33
How to handle batch effects in scRNA-seq data using Seurat?
I'm integrating scRNA-seq datasets from 3 different batches (different labs, same tissue type). After merging in Seurat, the UMAP clusters by batch rather than by cell type. How do I correct for batch effects?
I've tried `RunHarmony()` but I'm not sure if I'm applying it correctly.
20 views
1 Answer
28
✓
✓ Accepted Answer
Harmony is a good choice.

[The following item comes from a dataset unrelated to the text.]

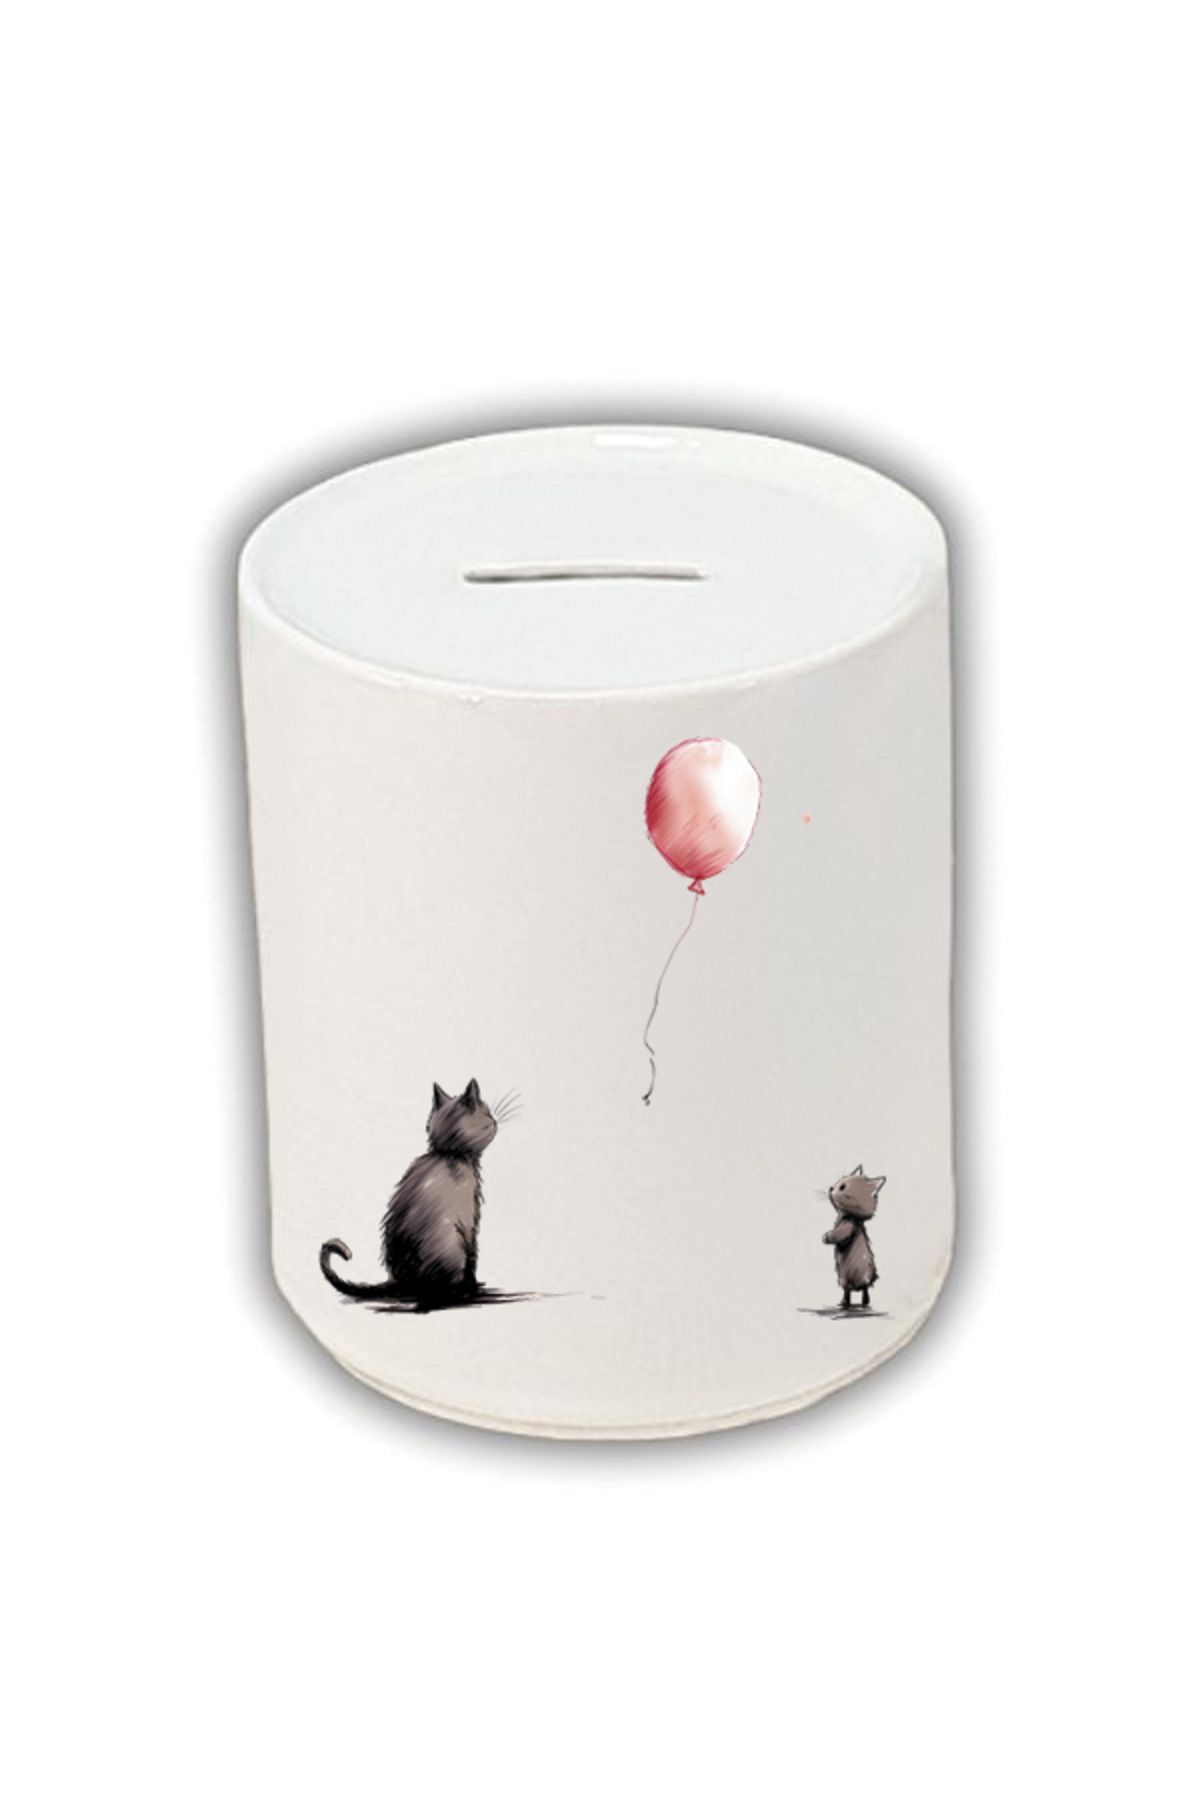 lili hediyelik Kedi ve Balon Baskılı Kumbara - Seramik Para Biriktirme Kumbarası

Here's the correct workflow:
```r
library(Seurat)
library(harmony)
# Merge your objects
combined <- merge(batch1, y = list(batch2, batch3),
add.cell.ids = c('batch1','batch2','batch3'))
# Standard preprocessing
combined <- NormalizeData(combined)
combined <- FindVariableFeatures(combined, nfeatures = 3000)
combined <- ScaleData(combined)
combined <- RunPCA(combined, npcs = 50)
# Run Harmony on PCA embeddings
combined <- RunHarmony(
combined,
group.by.vars = 'orig.ident', # batch label column
reduction = 'pca',
dims.use = 1:30,
assay.use = 'RNA'
)
# Use Harmony embeddings for downstream steps
combined <- RunUMAP(combined, reduction = 'harmony', dims = 1:30)
combined <- FindNeighbors(combined, reduction = 'harmony', dims = 1:30)
combined <- FindClusters(combined, resolution = 0.5)
```
**Key point**: use `reduction = 'harmony'` for UMAP and clustering, NOT `reduction = 'pca'`.
If Harmony doesn't work well (e.g. very different protocols), try Seurat's native CCA integration (`IntegrateData`) or scVI (Python).